# Help: What to substitute chinese 5 spice powder?



## abiod (Mar 10, 2012)

Hi guys! I haven't used this spice yet and can't find it anywhere where I am at. What can I substitute for it?

Also, if this is a duplicate of a previous thread, pls share the thread. I searched but can't find anything related! Many thanks in advance!!/img/vbsmilies/smilies/chef.gif


----------



## pohaku (Jul 11, 2011)

There are multiple variations on Chinese 5 spice powder. You can concoct your own. Here's one recipe:

In a dry skillet, roast 2 teaspoons of Szechuan peppercorns by shaking the pan over low to medium heat until the aroma of the peppercorns is released (about 2-3 minutes). You can substitute black peppercorns for the Szechuan peppercorns if you can't find them.
Grind the roasted peppercorns and 8 star anise in a blender or pepper mill.
Sieve the blended seasonings.
Mix in 1/2 teaspoon ground cloves, 1 tablespoon ground cinnamon, and 1 tablespoon ground fennel seeds.
Grind the seasonings until very fine and sieve again.
Store in an airtight container.


----------



## chefbuba (Feb 17, 2010)

Have you tried a health food store? Many of them have a large selection of bulk spices. I'm in a small town, I found 5 spice powder at mine a couple of weeks ago, along with all the spices needed to grind my own.


----------



## pohaku (Jul 11, 2011)

Where are you?  In the US, I'd be surprised if you couldn't find 5 spice in most locations.  Most chain grocery stores carry it.


----------



## abiod (Mar 10, 2012)

Thanks pohaku and chefbuba!

Yes, I'm in the US, Texas actually. I've searched 2 big grocery chains but none.  I'm looking for the powder that says Chinese 5 spice. Would it be under a different name too?

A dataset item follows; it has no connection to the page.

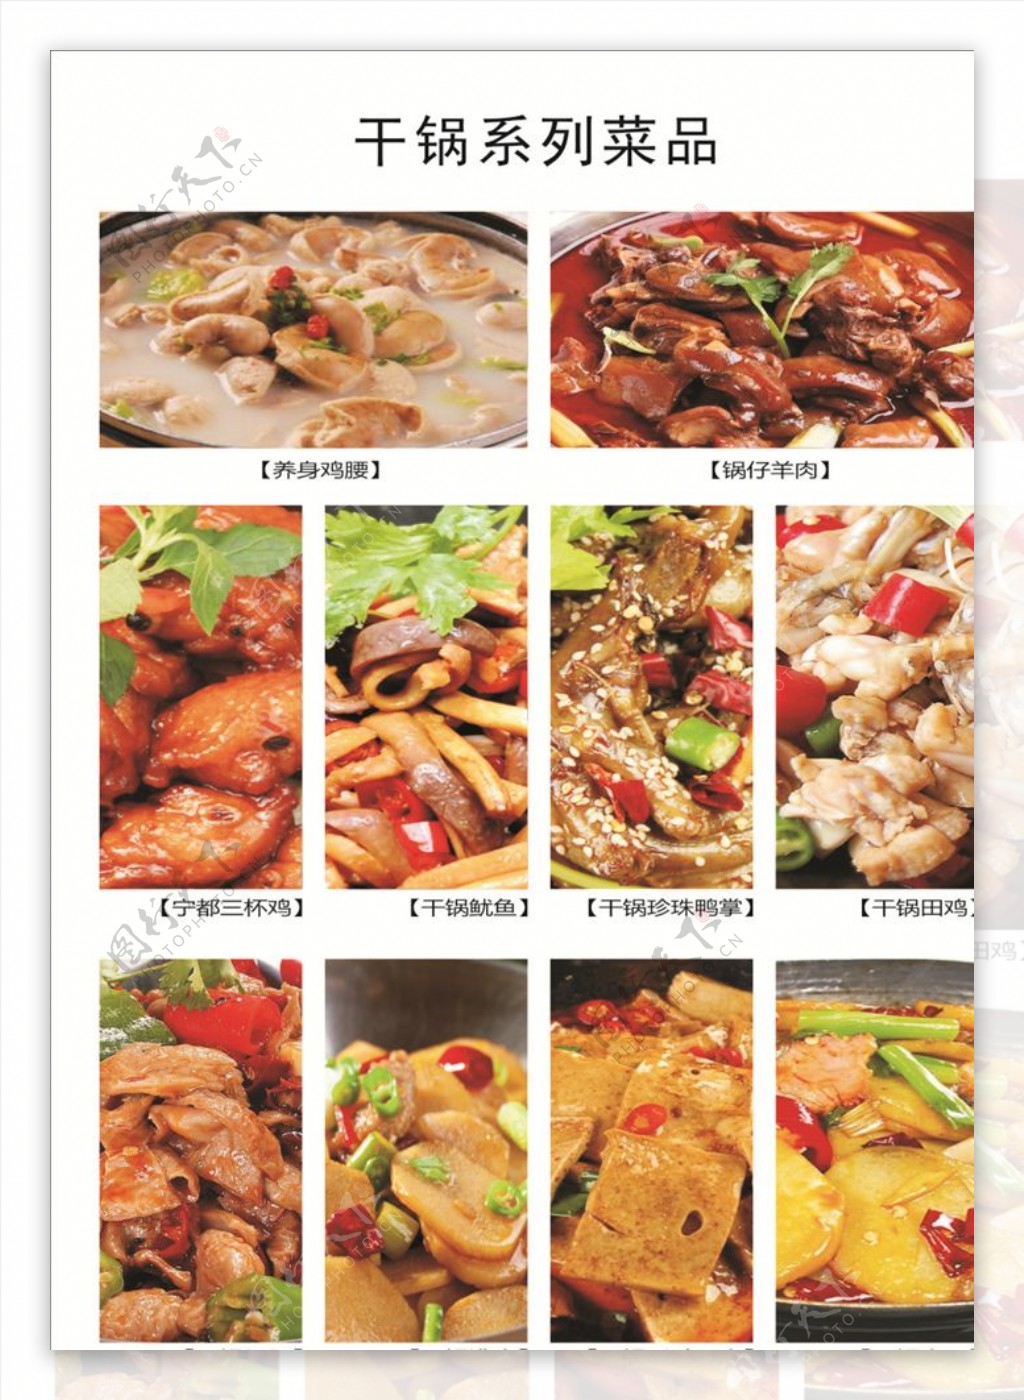 干锅系列菜品

I have yet to check health food store. Unfortunately, we're not in a big city so... no Whole Foods kind of store. =/

Any online store I can check maybe?


----------



## petemccracken (Sep 18, 2008)

Here's a Google list:https://www.google.com/search?q=chi...s=org.mozilla:en-US:official&client=firefox-a


----------



## kongfeet (Oct 29, 2008)

It's supposed to have star anise, cinnamon, szechuan peppercorn, clove, and fennel seed, but the dominating flavor comes from star anise and cinnamon. I personally think fennel seed can definitely be omitted because it's overpowered by star anise, and I don't think szechuan peppercorn and clove add all that much to the mix, so they can be left out, too. Ground up star anise and cinnamon, and you got yourself a very good substitute.

p.s. As far as I know, garlic, ginger, and mandarin peel are added along with the five spice powder (for "red roasted" dishes), so instead of szechuan peppercorn, clove and fennel seeds, I'd rather add garlic, ginger, and orange peel (probably easier to find than mandarin peel, I suppose).


----------



## pohaku (Jul 11, 2011)

PM your address and I'll just send you some./img/vbsmilies/smilies/biggrin.gif


----------



## kaneohegirlinaz (Apr 24, 2011)

Oh Man, Pohaku Braddah, you such a nice guy!! /img/vbsmilies/smilies/thumb.gif


----------



## pohaku (Jul 11, 2011)

Hey.  It's easy and it's cheap!  Two of my three favorite criteria for all events.  Tastes good is the third criterion, of course.


----------



## mannlicher (Jan 8, 2006)

go to Penzeys.com and order some. Their's is the best. /img/vbsmilies/smilies/biggrin.gif


----------



## lalmajid (Jun 1, 2010)

u can get these spices in indian or Pakistani stores they r called garam masalla


----------



## abiod (Mar 10, 2012)

Hi guys, so sorry I was missing in action. My 4-month old.... phew..

Anyway, thanks for all the info! /img/vbsmilies/smilies/licklips.gif

Pohaku, I might just take you up on that! Thanks so much in advance!/img/vbsmilies/smilies/chef.gif


----------